China lost an appeal ruling yesterday (14 October) in a World Trade Organization dispute in which Japan and the European Union had complained about Chinese use of anti-dumping duties on high performance, seamless stainless steel tubes.
A WTO dispute panel had largely ruled against China in February, but all three parties appealed, and the WTO’s Appellate Body strengthened the case against China, reversing points where the panel had previously backed Beijing.
The dispute was one of a series of often tit-for-tat trade complaints where China and its richer trading rivals sparred to protect their firms’ right to take advantage of each others’ markets, a rivalry that was supercharged by China’s faster economic growth and its growing share of world exports.
China had alleged that Japanese and EU makers of the tubes, which are used in coal-fired power plants, were selling their product at an unfairly cheap price in China, and in 2012 it imposed an “anti-dumping duty” to restrict their imports.
Japan and the EU complained to the WTO in a bid to support producers such as Nippon Steel & Sumitomo Metal Corp, Tubacex S.A in Spain and Salzgitter AG in Germany.
At the peak in 2008, Japan exported around $224 million of the pipes to China while the EU made sales of $283 million, according to a Reuters analysis of data from the International Trade Centre (ITC), a joint agency of the WTO and United Nations.
In 2012, exports from both the EU and Japan were worth less than $80 million, the ITC figures show.
The WTO appeal ruling is final and China will now be asked to bring its rules into line with global trade rules.
The EU said in a statement that the ruling was “of systemic importance.”
“It highlights again the shortcomings of Chinese trade defence investigations and provides guidance how the WTO rules on price effects, disclosure of essential facts and confidential treatment of information should be applied in the future.”
China’s Commerce Ministry expressed “deep regret” about the ruling and said it would “appropriately handle” the case according to WTO regulations, in a statement posted to its website late on Wednesday.
But the WTO ruling may be too late to repair any damage done to Japanese and EU exporters because such decisions do not have retroactive effect. Since the trade dispute erupted, China’s economic growth, including growth in electricity production, has slowed sharply.
In 2008, the European Commission launched an investigation into imports of steel from China, South Korea and Taiwan, which European steelmakers have complained are being dumped on the market at below cost price, putting thousands of jobs at stake.
The EU executive has opened a series of inquiries into alleged dumping from China in a broad range of industrial sectors.

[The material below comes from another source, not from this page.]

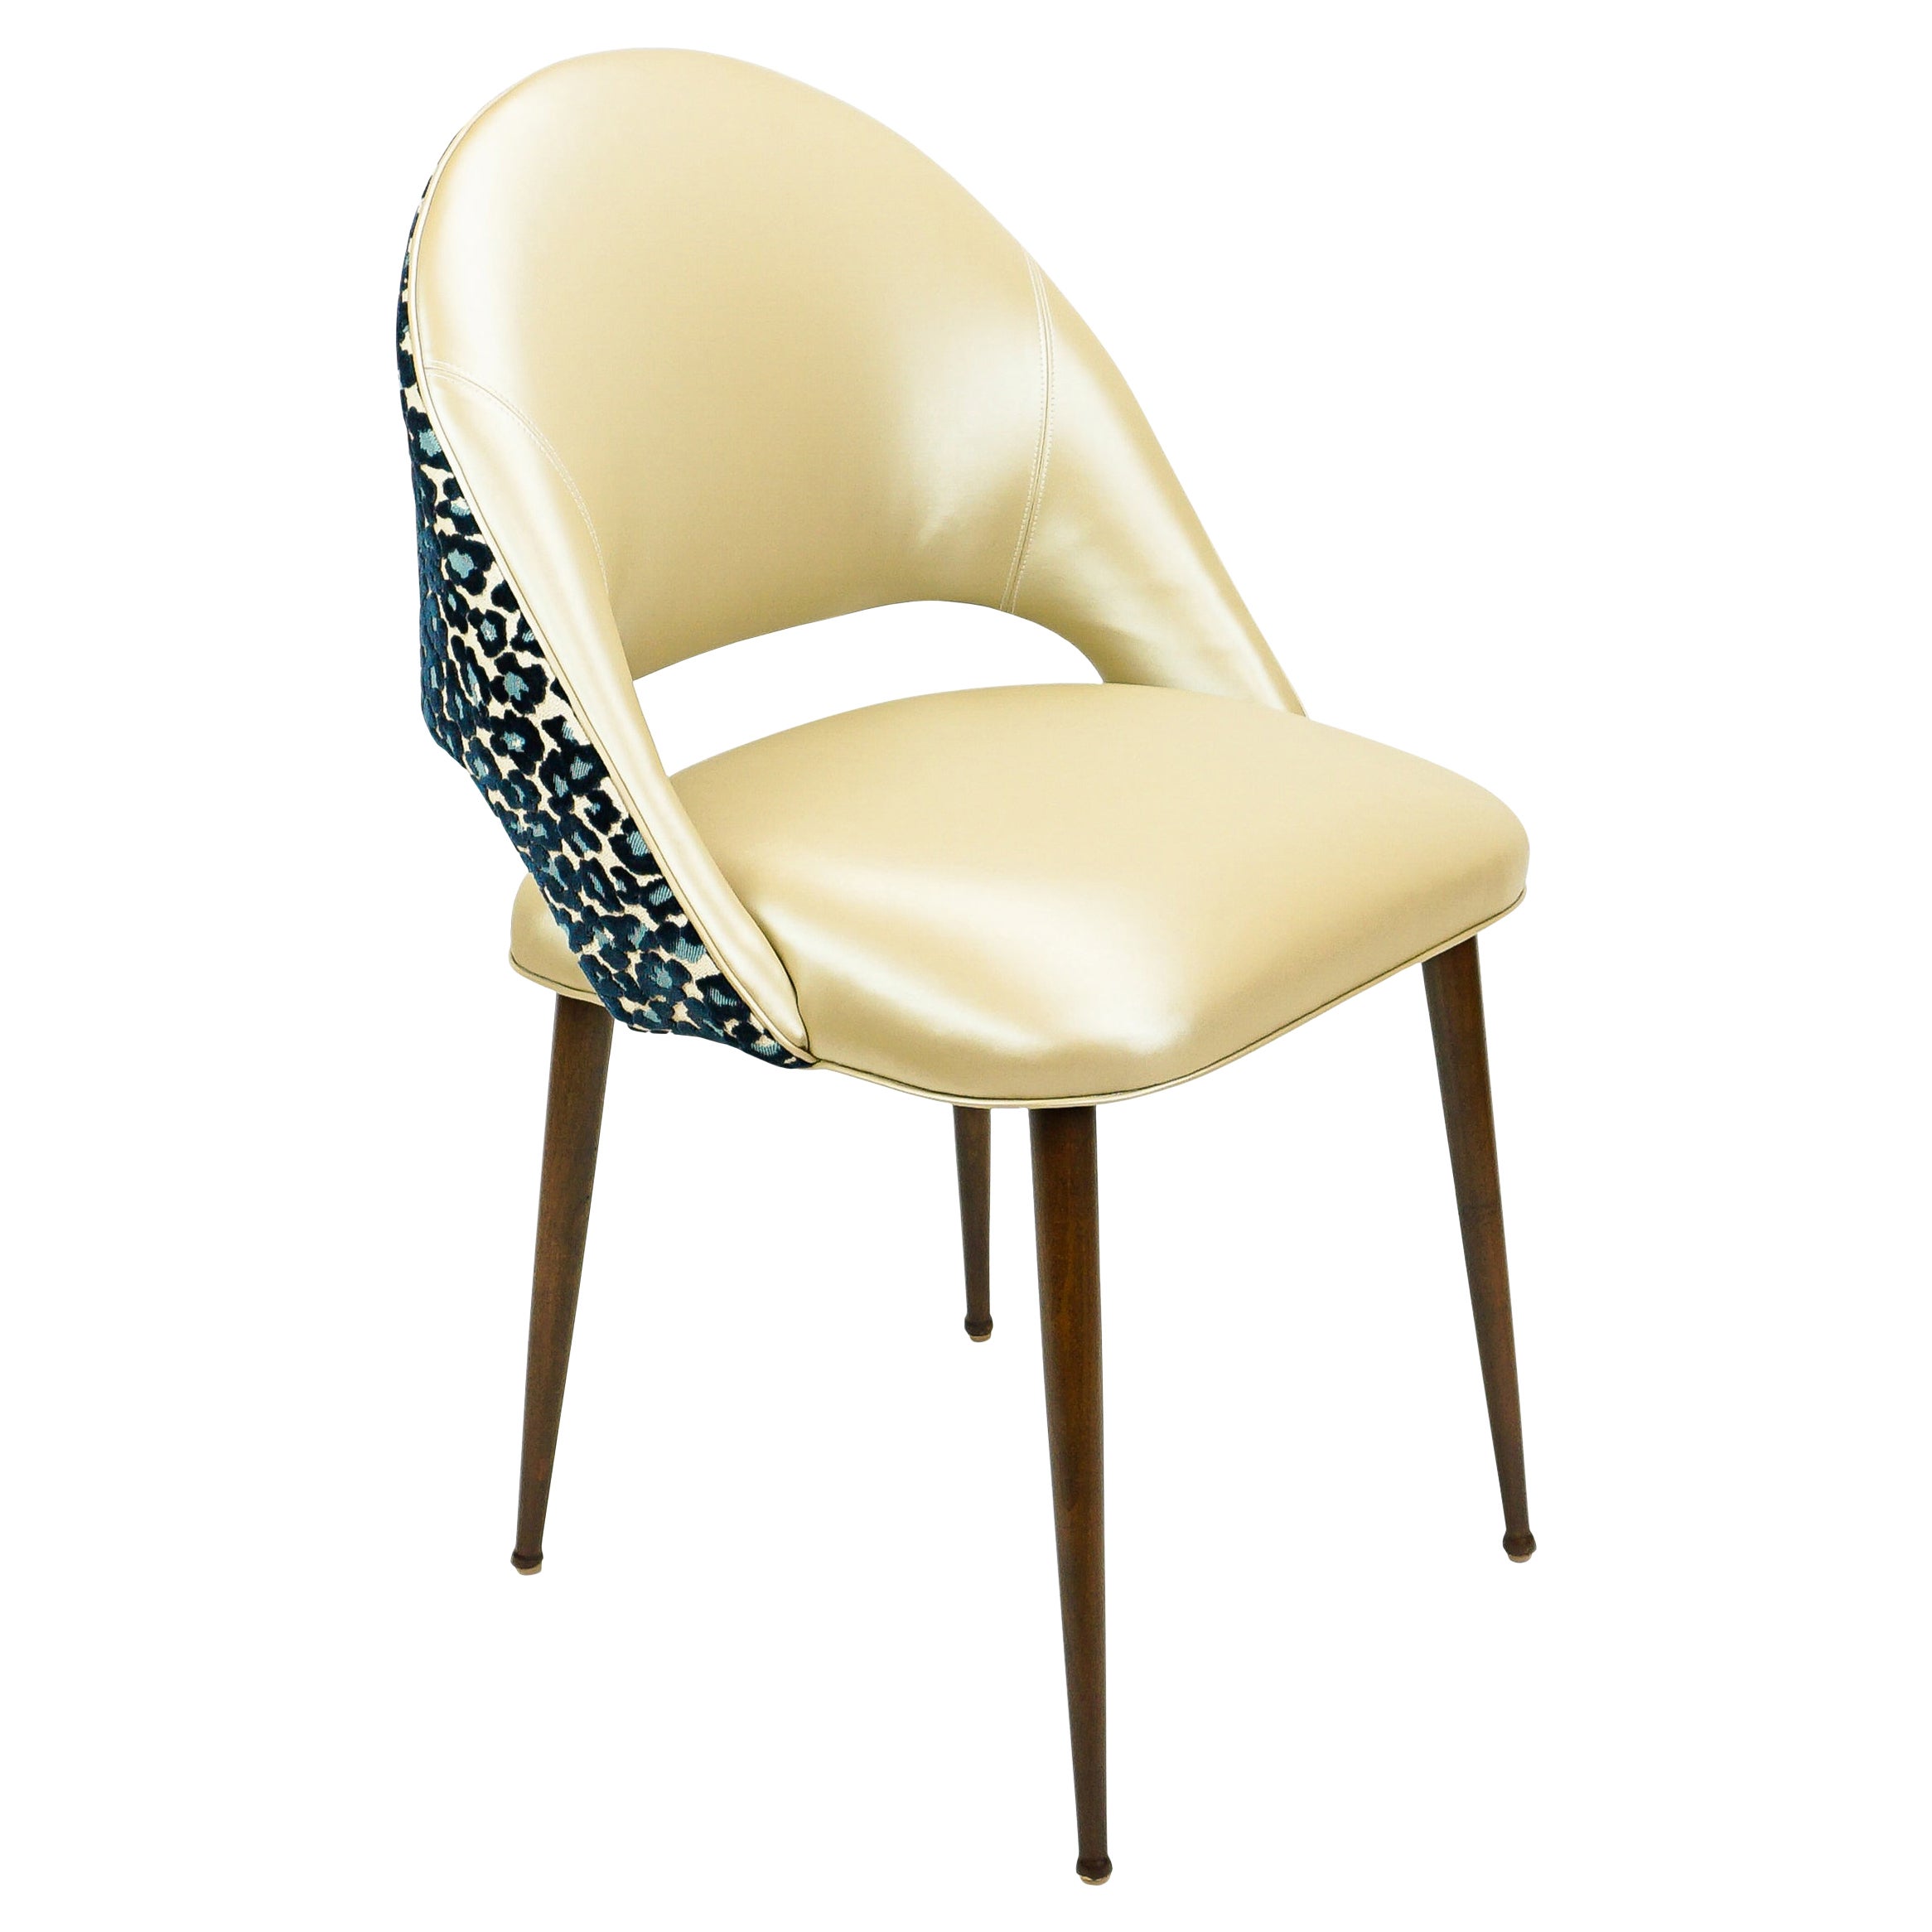 Golden Vinyl Dining Chair with Blue Leopard Back For Sale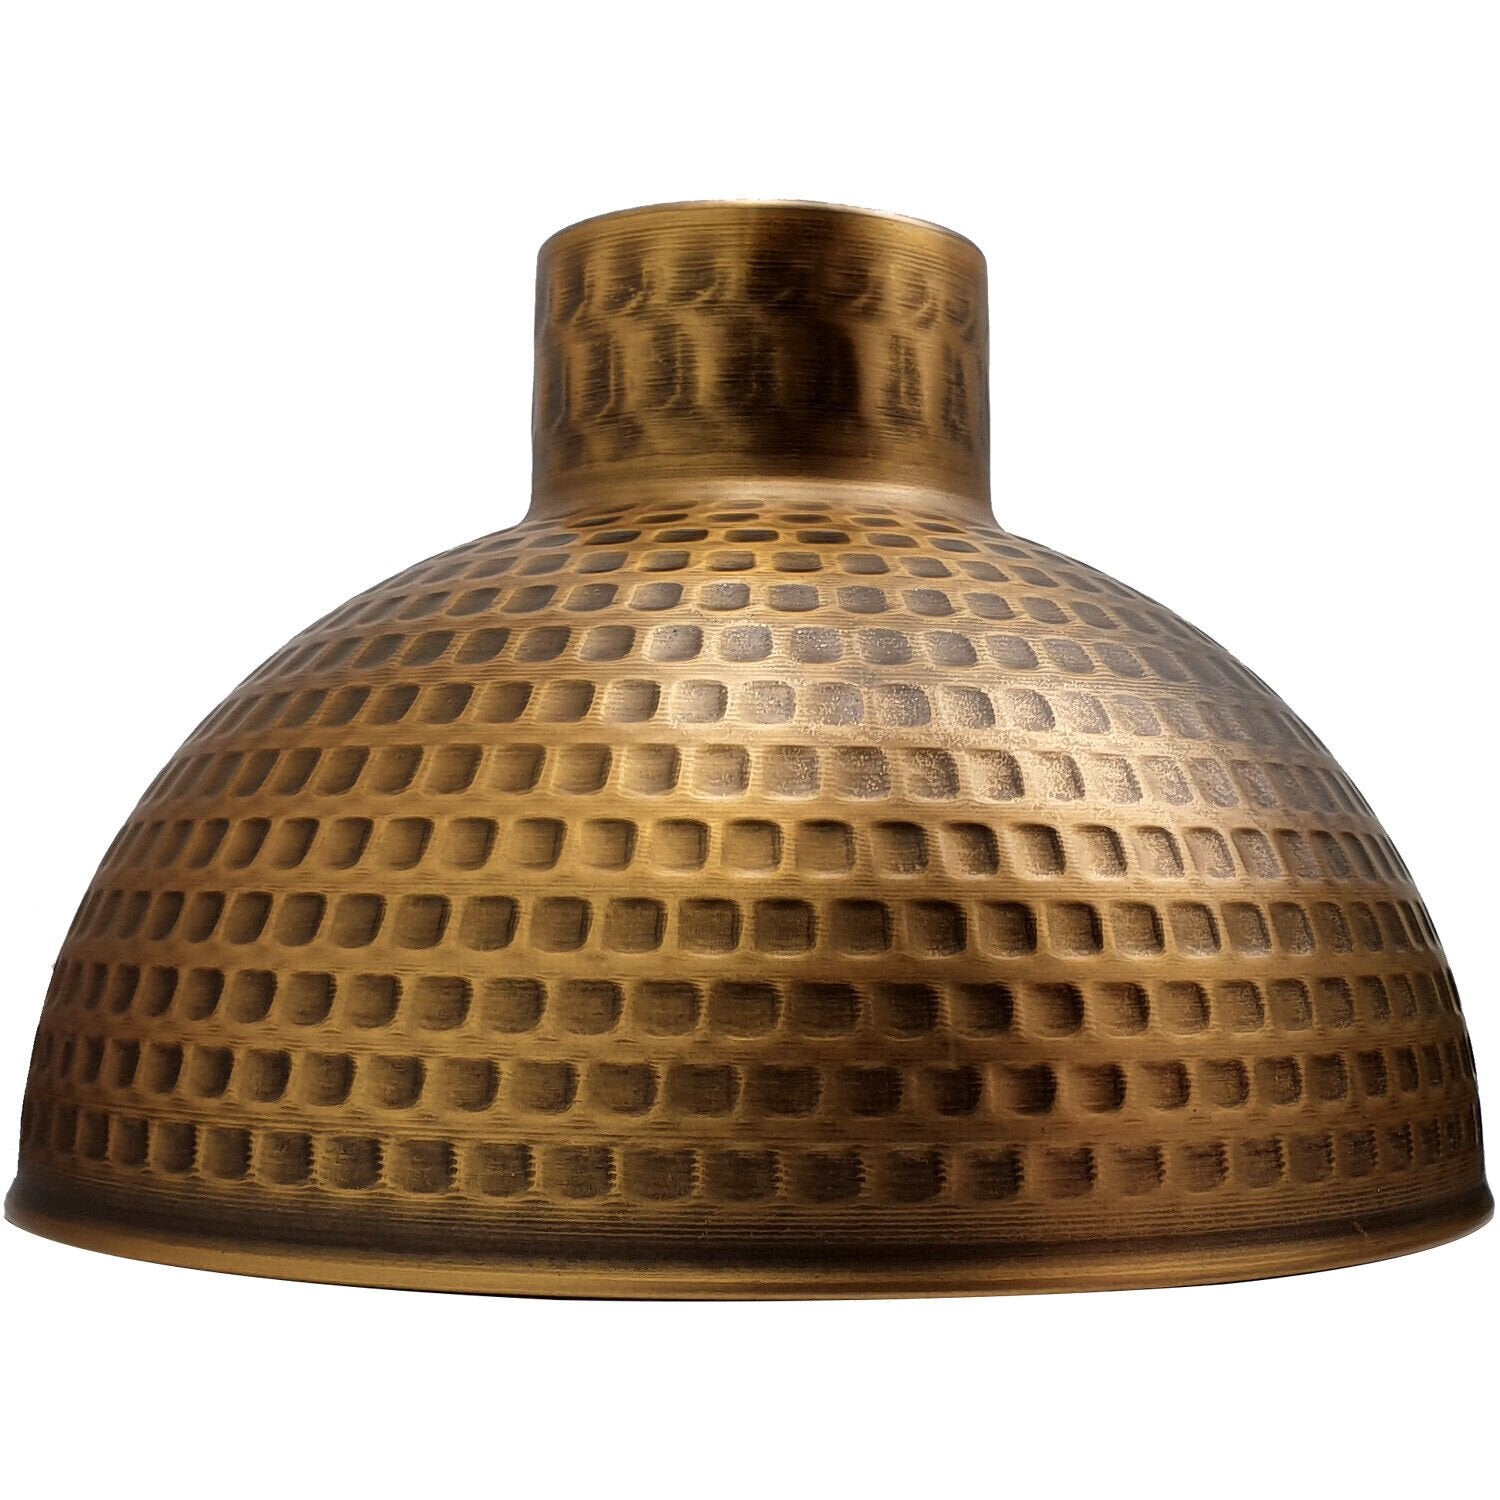 Yellow brass Lamp Shades for Ceiling Lights.JPG

In 2012, it launched its largest investigation to date, into alleged dumping of, and subsidies for, an annual 21 billion euros of solar panels and components China exports to the EU.
It followed up the year after with an investigation into industry claims that Chinese solar glass producers are dumping their products in the European Union at below market value
Beijing hit back immediately, by launching its own anti-dumping and anti-subsidy probe into European wine.
In 2013, EU states agreed to impose duties on imports of Chinese plates and other table and kitchenware.
In the telecoms sector, the EU executive is also investigating alleged subsidies to Huawei and ZTE – emanating from export credits given by Chinese banks – which the EU executive believes offer the Chinese companies preferential terms for investing into foreign markets.